The examples I used seem to apply to "dispositions" to behave, in the same way (I wasn't making this distinction). There are settings where the goal can't be clearly inferred from behavior, or collection of hypothetical behaviors in response to various environments, at least if we keep environments relatively close to what might naturally occur, even as in those settings the goal can be observed "directly" (defined as an idealization based in AI's design).
An AI with encypted goal (i.e. the AI itself doesn't know the goal in explicit form, but the goal can be abstractly defined as the result of decryption) won't behave in accordance with it in any environment that doesn't magically let it decrypt its goal quickly, there is no tendency to push the events towards what the encrypted goal specifies, until the goal is decrypted (which might be never with high probability).
Here is what I mean:
Evolution was able to come up with cats. Cats are immensely complex objects. Evolution did not intend to create cats. Now consider you wanted to create an expected utility maximizer to accomplish something similar, except that it would be goal-directed, think ahead, and jump fitness gaps. Further suppose that you wanted your AI to create qucks, instead of cats. How would it do this?
Given that your AI is not supposed to search design space at random, but rather look for something particular, you would have to define what exactly qucks are. The problem is that defining what a quck is, is the hardest part. And since nobody has any idea what a quck is, nobody can design a quck creator.

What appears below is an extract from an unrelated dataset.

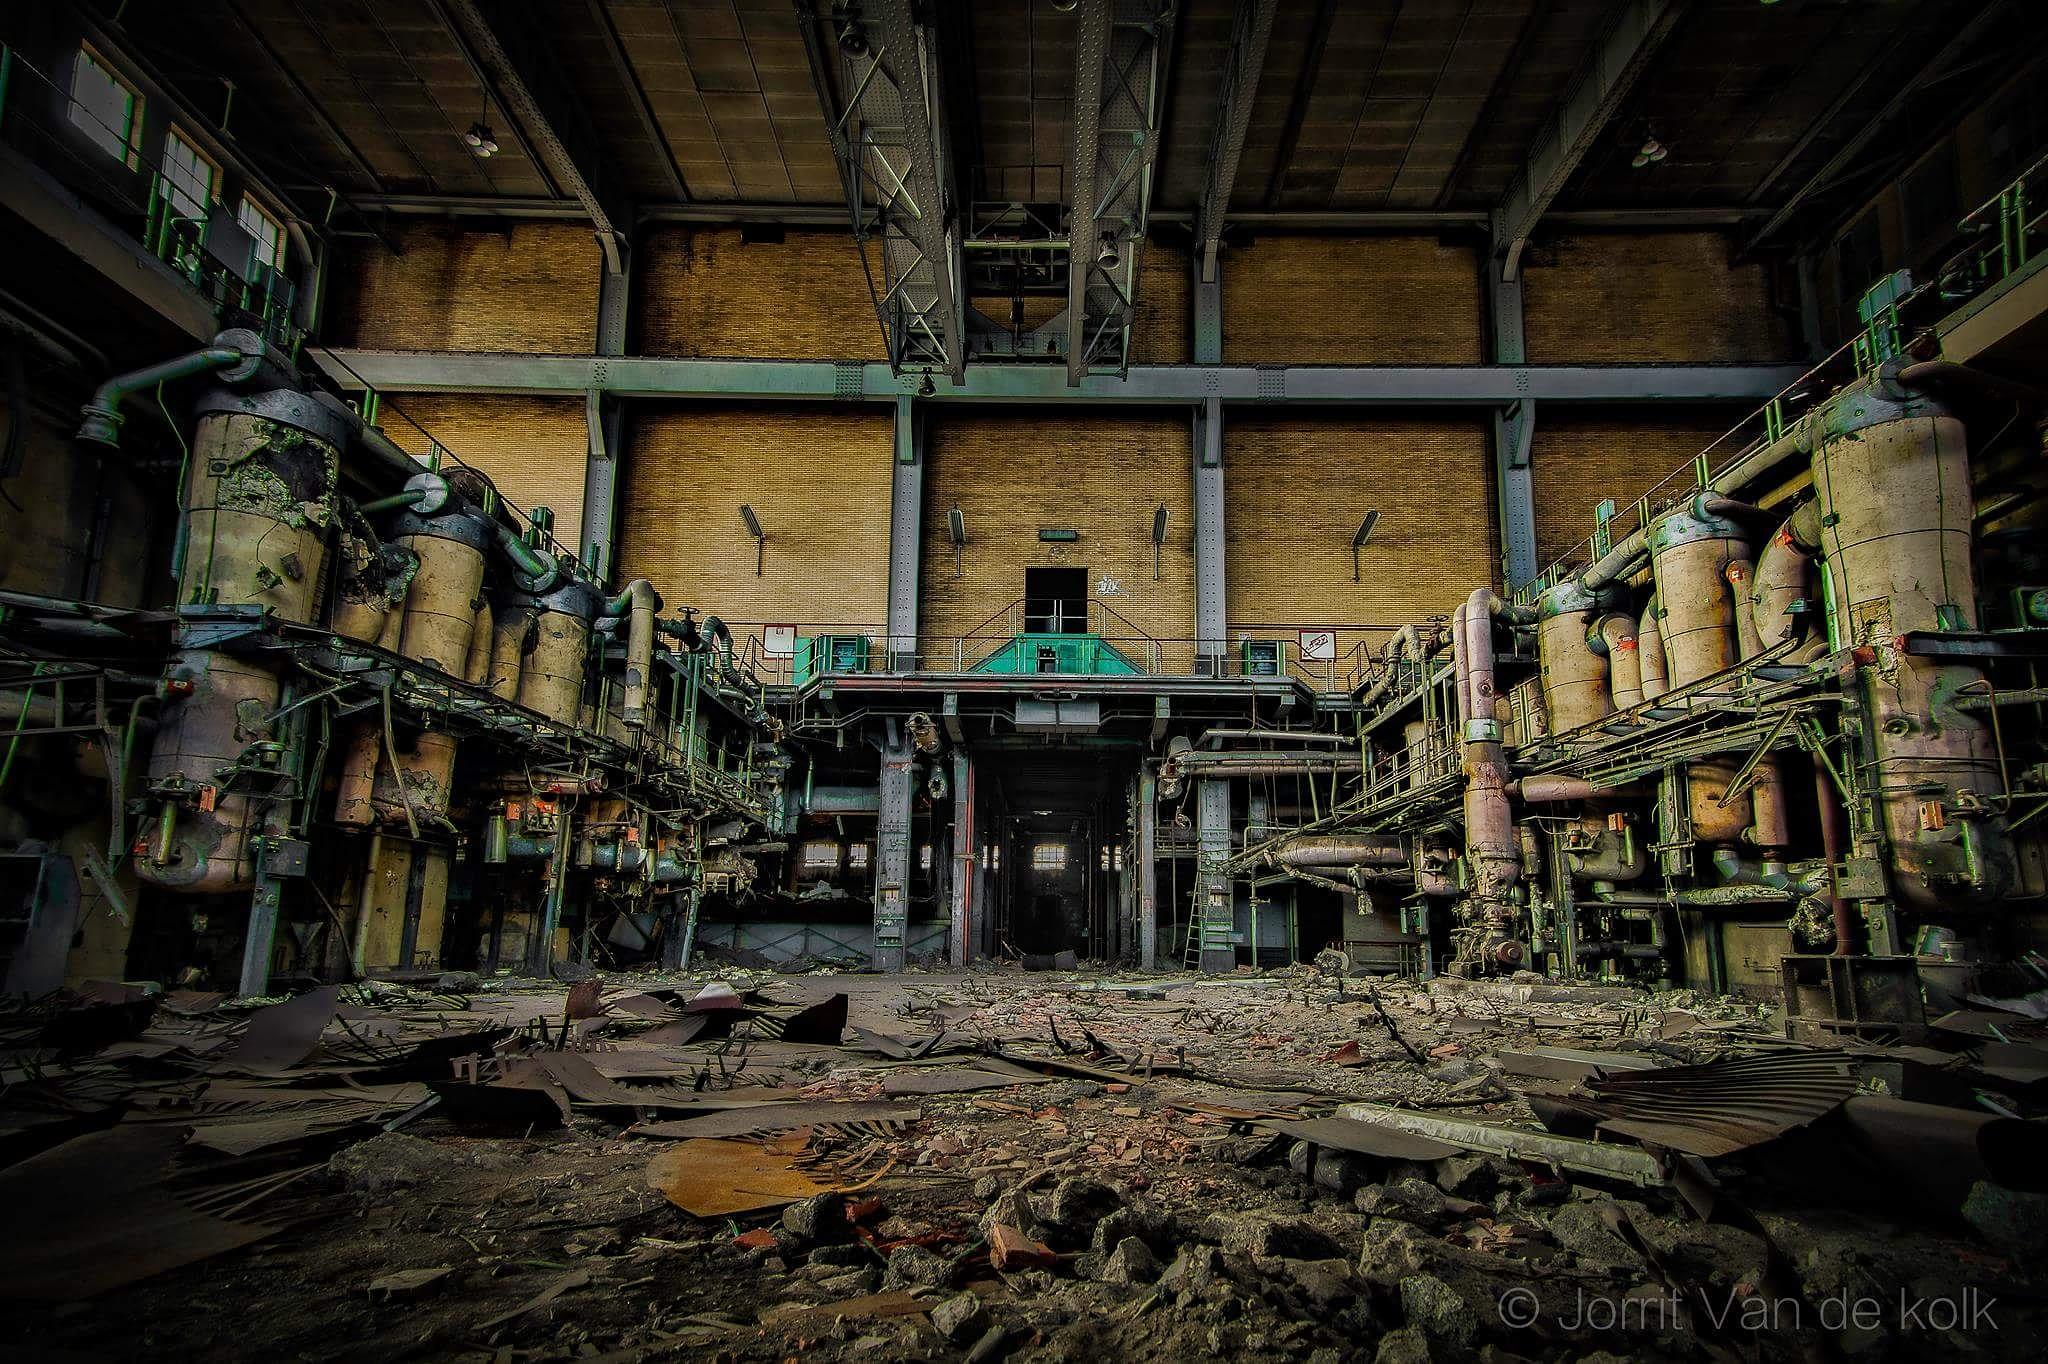 abandoned steel factory by Jorrit van de kolk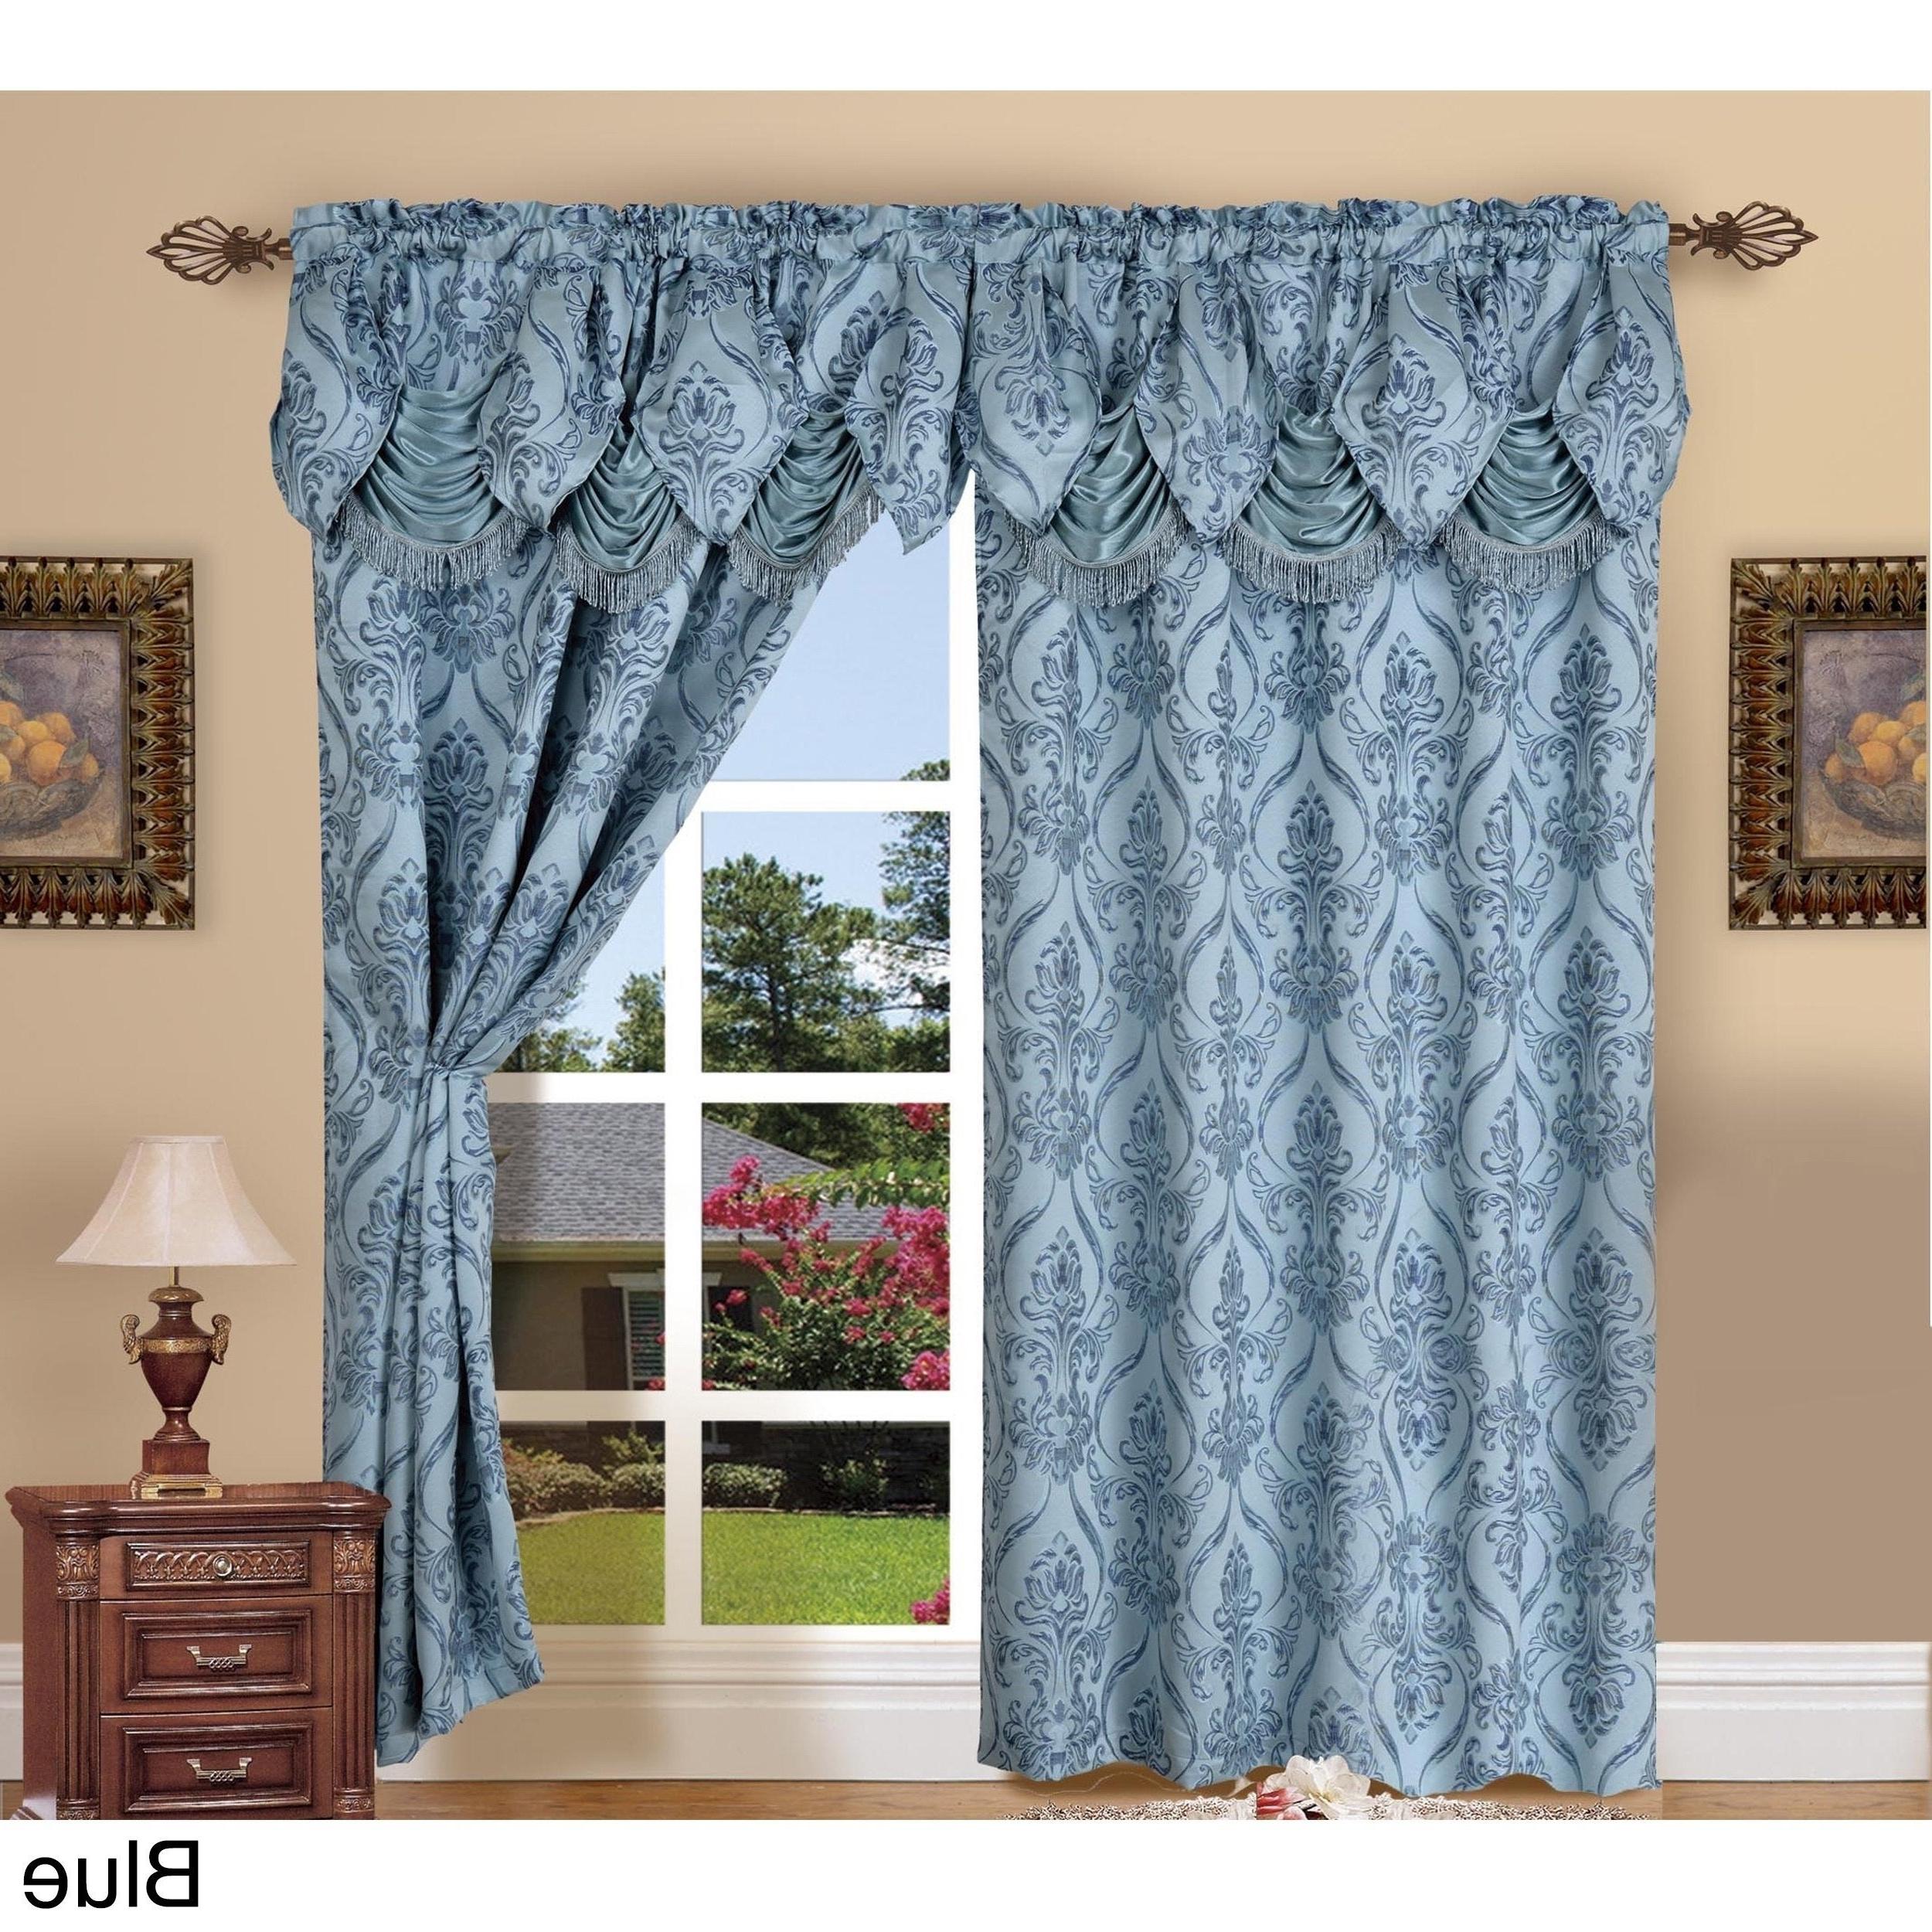 Elegant Comfort Luxury Penelopie Jacquard Window Curtain Panel Pairs Regarding Most Popular Elegant Comfort Luxury Penelopie Jacquard 84 Inch Length Window Curtain Panel Pair (View 3 of 20)

The point is that thinking about the optimization of optimization is misleading, as most of the difficulty is with defining what to optimize, rather than figuring out how to optimize it. In other words, the efficiency of e.g. the scientific method depends critically on being able to formulate a specific hypothesis.
Trying to create an optimization optimizer would be akin to creating an autonomous car to find the shortest route between Gotham City and Atlantis. The problem is not how to get your AI to calculate a route, or optimize how to calculate such a route, but rather that the problem is not well-defined. You have no idea what it means to travel between two fictional cities. Which in turn means that you have no idea what optimization even means in this context, let alone meta-level optimization.
The problem is, you don't have to program the bit that says "now make yourself more intelligent." You only have to program the bit that says "here's how to make a new copy of yourself, and here's how to prove it shares your goals without running out of math."
And the bit that says "Try things until something works, then figure out why it worked." AKA modeling.
The AI isn't actually an intelligence optimizer. But it notes that when it takes certain actions, it is better able to model the world, which in turn allows it to make more paperclips (or whatever). So it'll take those actions more often.